While the marketplace, sheer scale and demographics of California are vastly different from Massachusetts, the basic problem is the same: Ever-rising health care costs are unsustainable. The multifaceted bill reflects the fact that there is no silver-bullet solution to corralling these costs. But California should consider some features of the bill, including:
- A health policy commission to coordinate strategies, set spending targets and monitor progress. A key feature of the Massachusetts commission is that nine of its 11 members must be "public members." Such appointments, free of connection to the medical industry, are critical. California's fragmented regulatory scheme, an accident of history, would benefit from a more unified approach.

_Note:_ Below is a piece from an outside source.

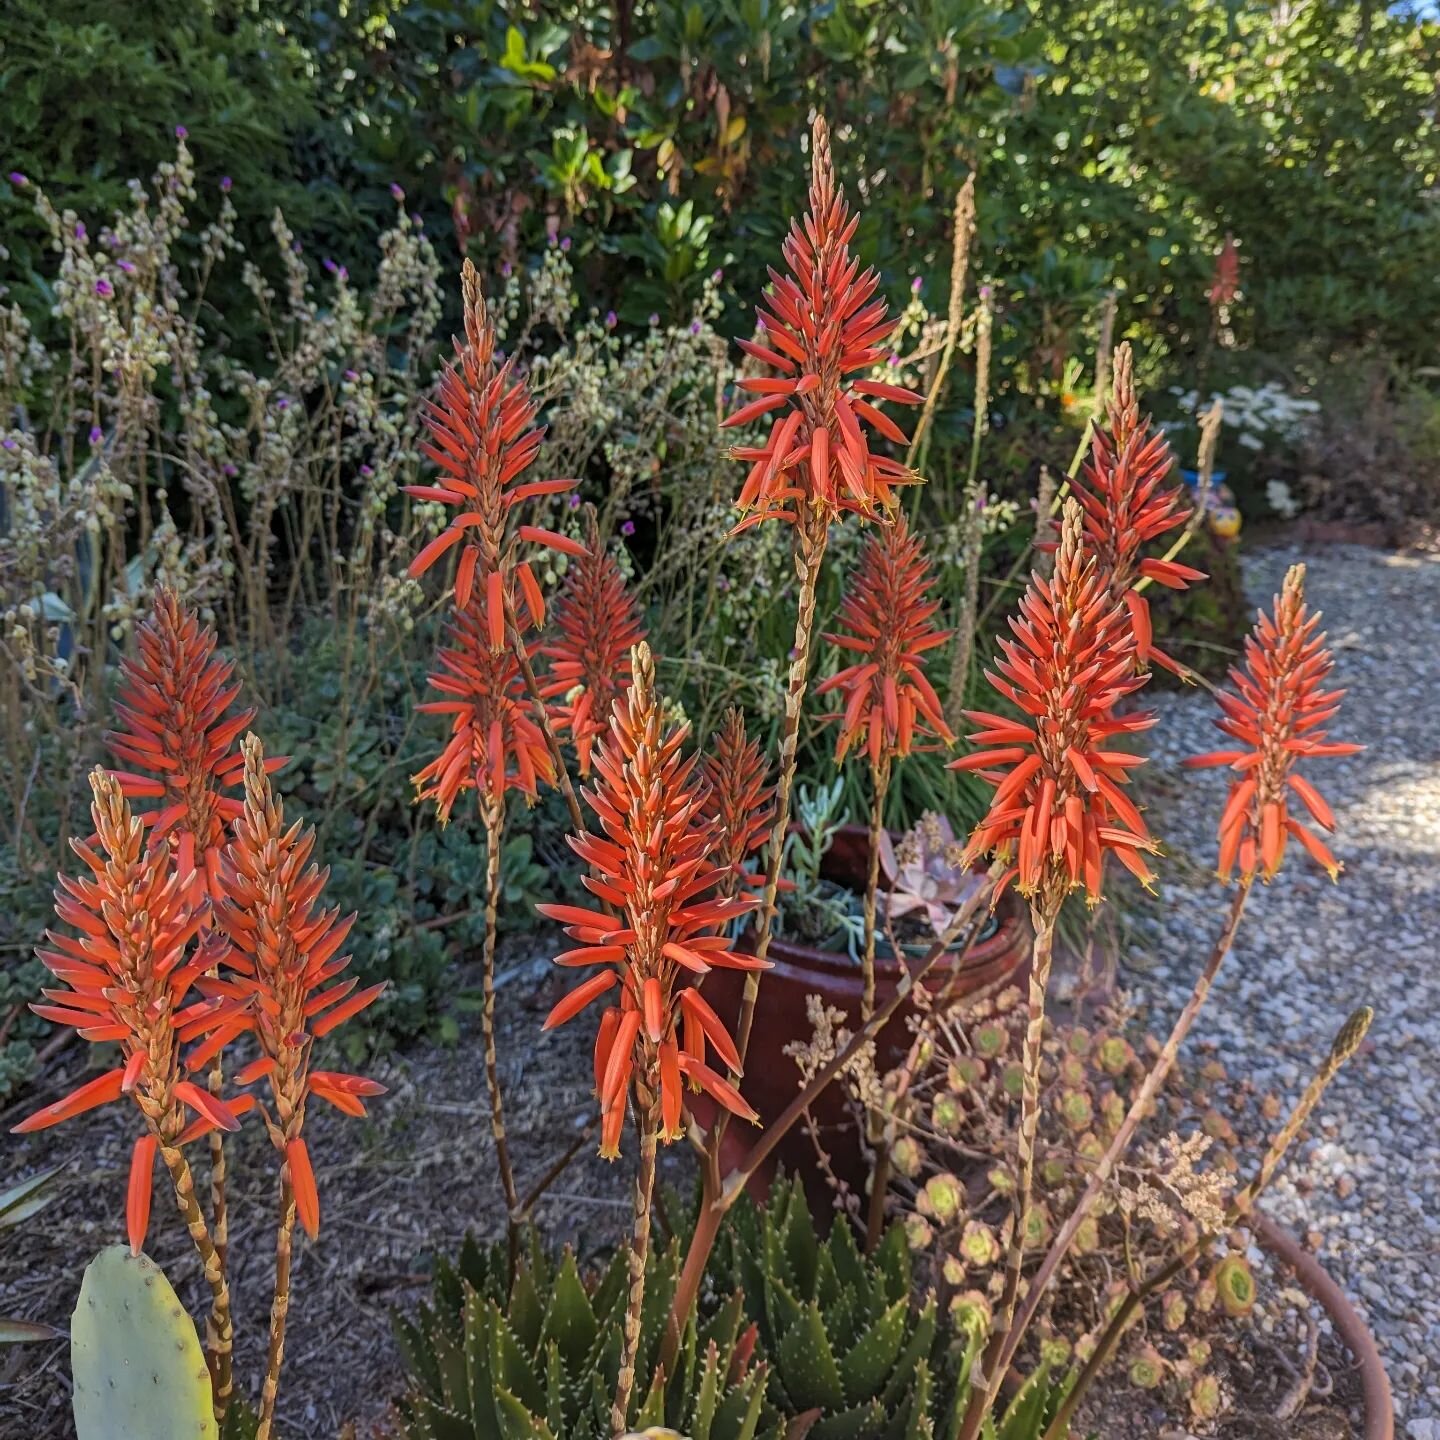 Aloe nobilis finally having its moment to shine.

#aloenobilis

- A number of steps to promote public and community health, including reducing disparities. A strong public effort to ensure focus on getting and staying healthy, rather than solely curing illness, is essential to cutting health care spending. California's been a model on tobacco education, healthy eating and nutritional labeling, and community-based efforts are under way to foster healthy environments. But more can always be done on prevention.
- Promoting new payment methods and "patient-centered" care. Coordinated care and bundled payment pilots are under way in California. We need to test them to ensure they truly serve patients well by improving health outcomes and reducing costs, without exacerbating market concentration problems. "Shared decision making" and culturally and linguistically competent patient education by community health workers are elements our exchange is already embracing, and they should be encouraged on a wider basis.
Improving patient safety to save money and save lives. The Massachusetts law includes features to improve patient safety, such as allowing the commission to tie ACO payment incentives to reducing avoidable readmissions and adverse events. More can be done in California along these lines, especially to ensure publicly available data, the sine qua non for safety improvement.
Requiring shared savings for consumers since systemic savings do not necessarily mean cost reductions for consumers. The Massachusetts law allows the commission, in developing ACO standards, to establish mechanisms for health insurance purchasers to share savings with patients. Whether through rebates, the rate setting process, or otherwise, the principle is a sound one.
Market impact studies. Getting the attorney general, or other relevant authority, to assess and address market concentration problems that result in higher health care costs could be useful in California as well.
Controlling health care costs is not sexy stuff, and it is politically charged. But California, like the rest of the nation, needs to attend to it, while ensuring quality and access, if we want to realize the promise of health reform.